You really did. But whatever.
Eventually is doing some heavy lifting. The costs of these data centers and the power plants to run them has to come from somewhere.
I don’t know if or when the chickens come home to roost, but it could go badly for the US and China to find out their spent trillions to make a million versions of AI shrimp Jesus.
I want to believe that the silver lining is that HOPEFULLY MAYBE (Now these words are doing the heavy lifting. For sure)this will mean that when the ai craze goes away they will have spent so much on infrastructure that we will great cheap energy, cloud computing, and GPUs.

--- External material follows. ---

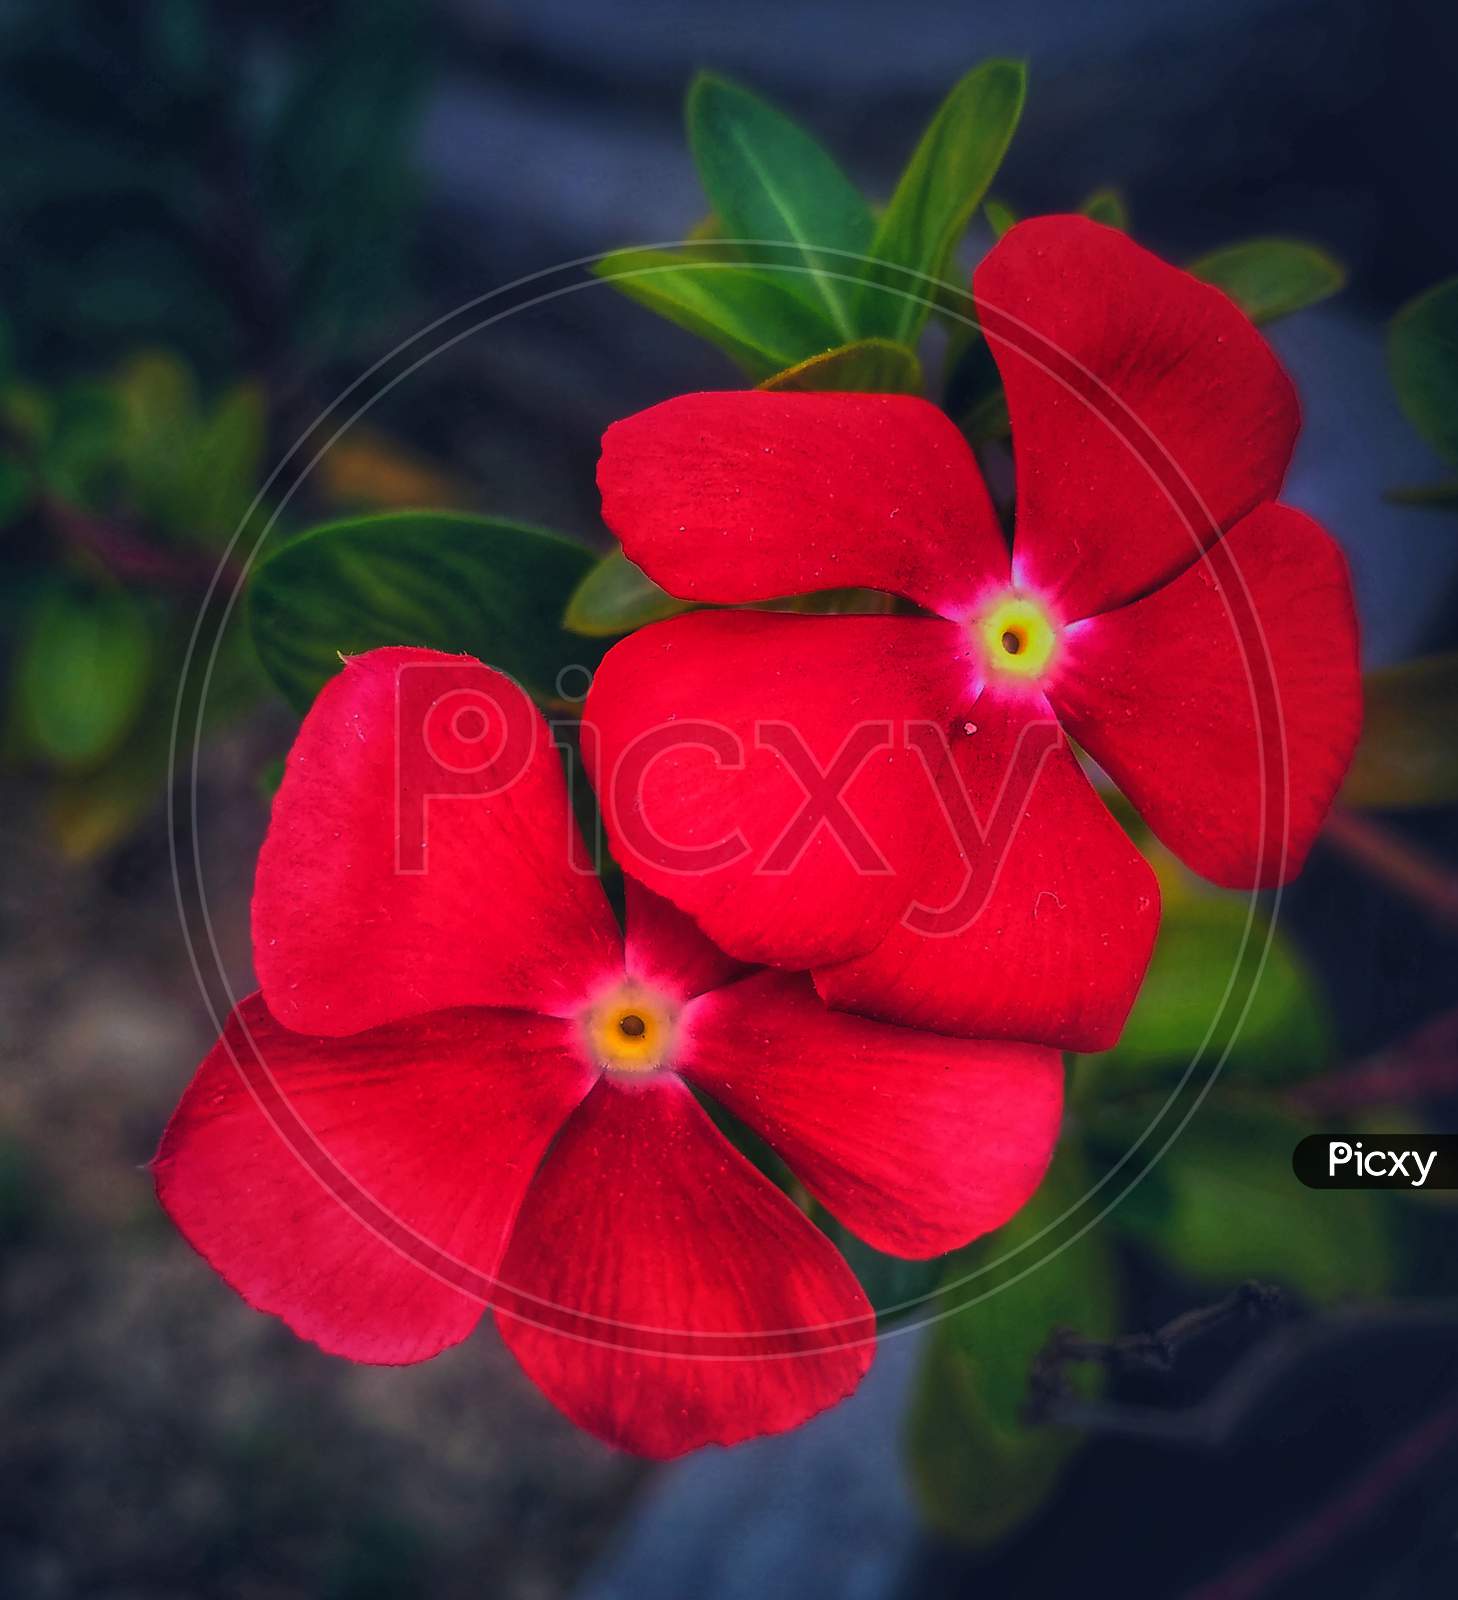 Periwinkle flower.

That’s possible, very optimistic, but hey, good luck to us.
deleted by creator
The crisis is that companies will have to pay fair prices for human labor again, which will lead to less profits for the precious shareholders
Not just precious shareholders, it’s a massive bubble that will impact the economy and peoples retirement when it bursts. They keep dumping more money into AI even though there are no returns.
So at this point we’re gonna have to go back to reading books…

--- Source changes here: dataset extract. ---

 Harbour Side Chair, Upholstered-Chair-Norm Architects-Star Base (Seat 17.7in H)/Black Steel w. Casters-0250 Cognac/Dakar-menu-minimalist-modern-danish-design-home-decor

Books made before 2019. Amazon is absolutely filled with AI generated books nowadays.
In fact, this whole “consume media only from 2010 and earlier” idea is getting more appealing by the day. I’d rather watch an anime from the 80’s where each frame was drawn by a human hand and somebody spent a week encoding it to extract all the details from the original analogue source, and the subtitles were made by a person who considered each nuance carefully as if their life depended on it, rather than watch a 2025 sequel to a prequel to a reboot of an existing IP where half the assets are AI, the subtitles are AI, the script is AI, and it’s just the most generic mass appealing thing ever made.
It’s pretty sad, creepy and hopeless, but this is exactly how I have been feeling lately with YouTube videos. If it’s made post GPT, I am not inclined to watch it unless it’s a channel I know has a stated anti-AI position, because at least then I know I’m getting human input. They are building up Plato’s cave around us stone by stone, we can’t even move out of the way, we are getting imprisoned, and the few of us who see it happening and shout are being drowned out by the noise of the billions around us who happily hum along.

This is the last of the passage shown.